All right I've got about a month and a half to put together my video for my admission to NYU and I have no idea what they're looking for or where to go with it. I'm hoping that someone that has applied and been accepted could give me some tips as to what I should work for. The best I could think of is splicing together a collection of some of my best shots with some dialogue strung throughout, but like I said I truly have no idea what to do and I don't know anyone personally that would be a good help. So yeah, please help!

-Jelstro
"So when ambition turns into competition, I'll never be the better man."


----------



## Jelstro (Sep 15, 2003)

All right I've got about a month and a half to put together my video for my admission to NYU and I have no idea what they're looking for or where to go with it. I'm hoping that someone that has applied and been accepted could give me some tips as to what I should work for. The best I could think of is splicing together a collection of some of my best shots with some dialogue strung throughout, but like I said I truly have no idea what to do and I don't know anyone personally that would be a good help. So yeah, please help!

-Jelstro
"So when ambition turns into competition, I'll never be the better man."


----------



## Hoeks (Sep 15, 2003)

Okay, ive seen a looot of crap that was send in, from students who were accepted:0 so do not worry toooo much.

I would tell a story visually, that is what they are looking for in my opinion. Try to keep the dialogue low and tell your story through pictures. Make it short, with a good ending

do not worry too much about the quality (technical ) but focus on storytelling

check out Alan dentons film on this site (the one where his nuts explode all 10 seconds...) Great lil short, stupid but funny content. And easy to do technically.

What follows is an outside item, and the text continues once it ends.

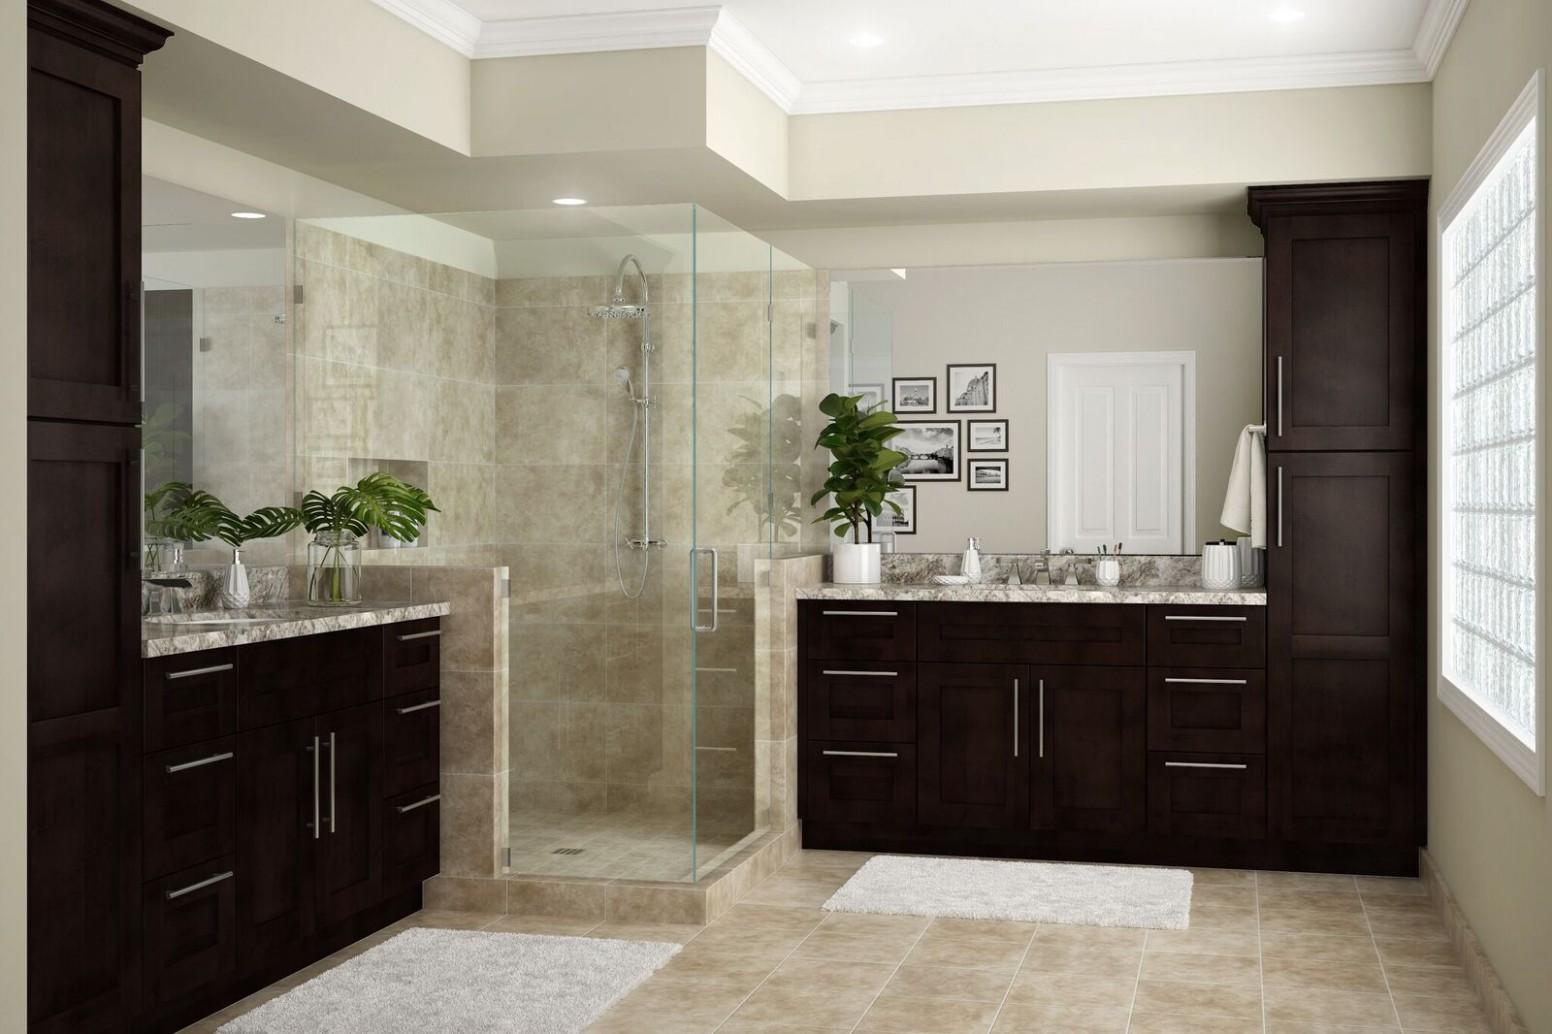 Franklin Bath Cabinets in Manganite – Kitchen – The Home Depot - Franklin Kitchen Cabinets

I know that NYU loves personal stuff...emotional things


----------



## Alan Denton (Sep 17, 2003)

Wait wait my nuts explode?

Jelstro- I got in with Football in the Groin as my portfolio. I'll link you up to the movie, because watching it will only give you confidence in your portfolio. Seriously.

http://www.studentfilms.com/film/browse/director/list.do?castMemberId=914

Yeah it's somewhere in there.

--alan

------------------
http://www.alandenton.com
------------------


----------



## jdunn555 (Sep 18, 2003)

heres what I did:

Im applying to nyu early decision this fall, and I just finished putting together my application and portfolio(im sending it out this week).

I went to the New York Film Academy this summer and made a 9min 16mm film.  Its a straight forward love story, but its highly emotional.

I've heard that NYU is looking for one pieces of work that show that you can tell a story (developing a beginning, middle, and end) as supposed to several or parts of different videos.


----------



## Hoeks (Sep 18, 2003)

they say it doesnt matter what you send in....but I heard that they indeed like a whole story if its well told


----------